If the rest of Downfall was as good as Ganz's performance, the film would be a masterpiece. Unfortunately, in this case, history didn't lend itself all that well to drama. Hitler's last twelve days on Earth were a sadly redundant twelve. At least fifty times, Hitler screams a battle plan that the rest of the high command knows will not work, then sulks about it. At least fifty times, someone says "We will never surrender!" At least fifty times, someone (often Hitler) talks about committing suicide – and, somewhat more visually interestingly, at least fifty people actually commit suicide onscreen. The movie's repetitiveness doesn't take away from its gloomy atmosphere or terrific performances, but it does sink the overall quality quite a few notches. Fascinating subject matter in theory gets you a lot farther than it does in practice.
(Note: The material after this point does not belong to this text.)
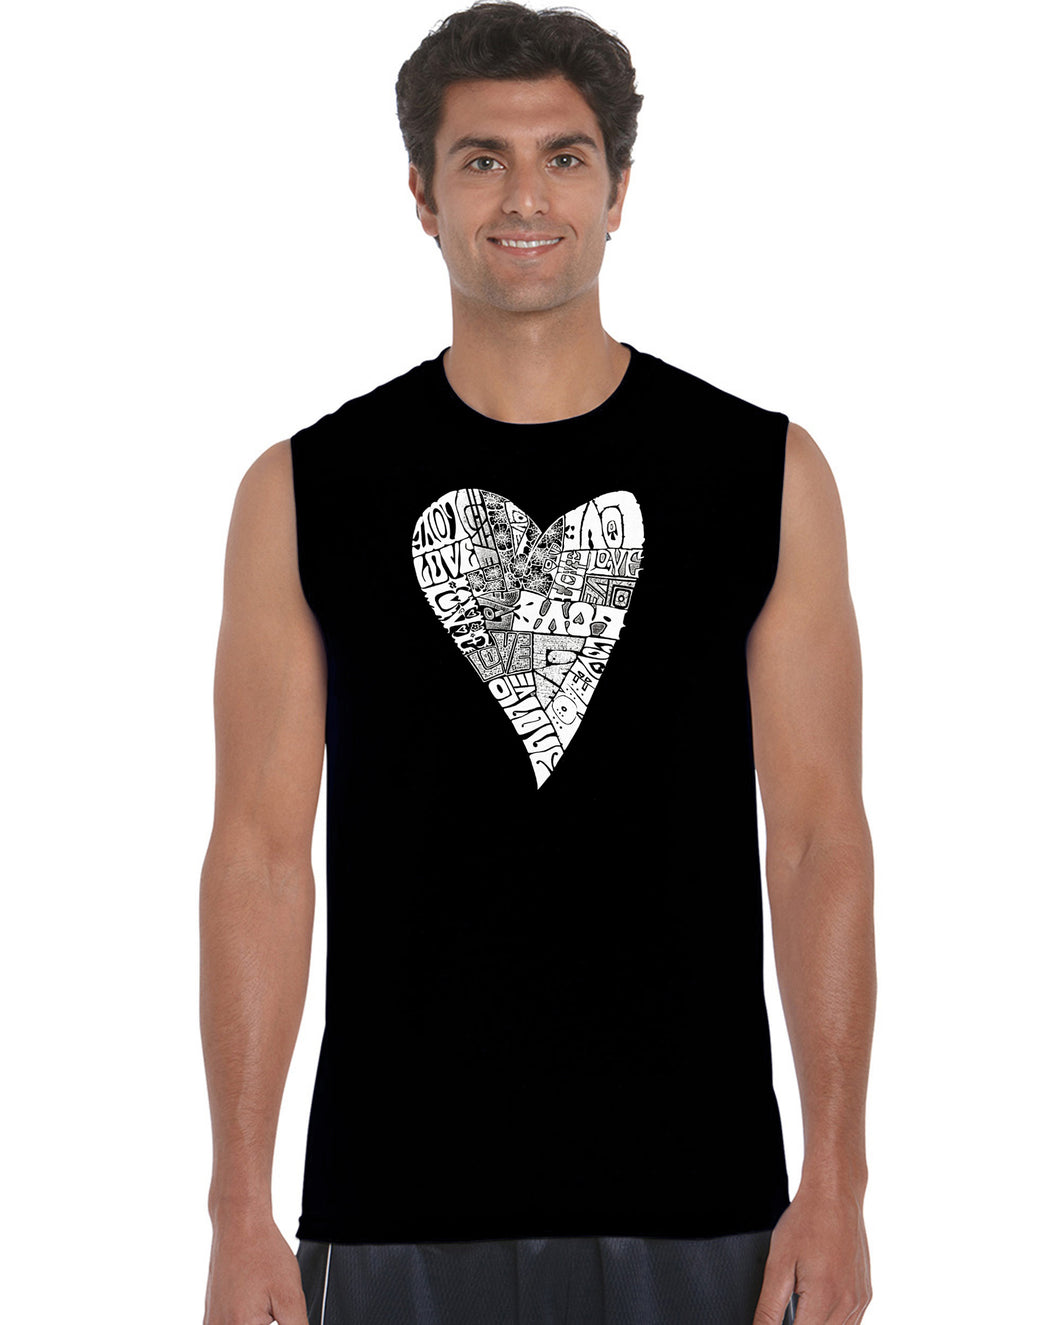 Lots of Love - Men's Word Art Sleeveless T-Shirt

The Good: Bruno Ganz. How he didn't receive a Best Actor Oscar nomination is beyond me.

The Bad: It's an interesting story, but it would possibly be communicated better by simply reading about it. On film it's way too redundant.

The Skinny: #83 is ridiculous, and probably mostly based on people's awe at Ganz's performance. I'd be comfortable with it in the low 200s simply because of, yes, Ganz's performance, and also the barriers it broke down for the German national cinema regarding portrayals of Nazism and Hitler in particular.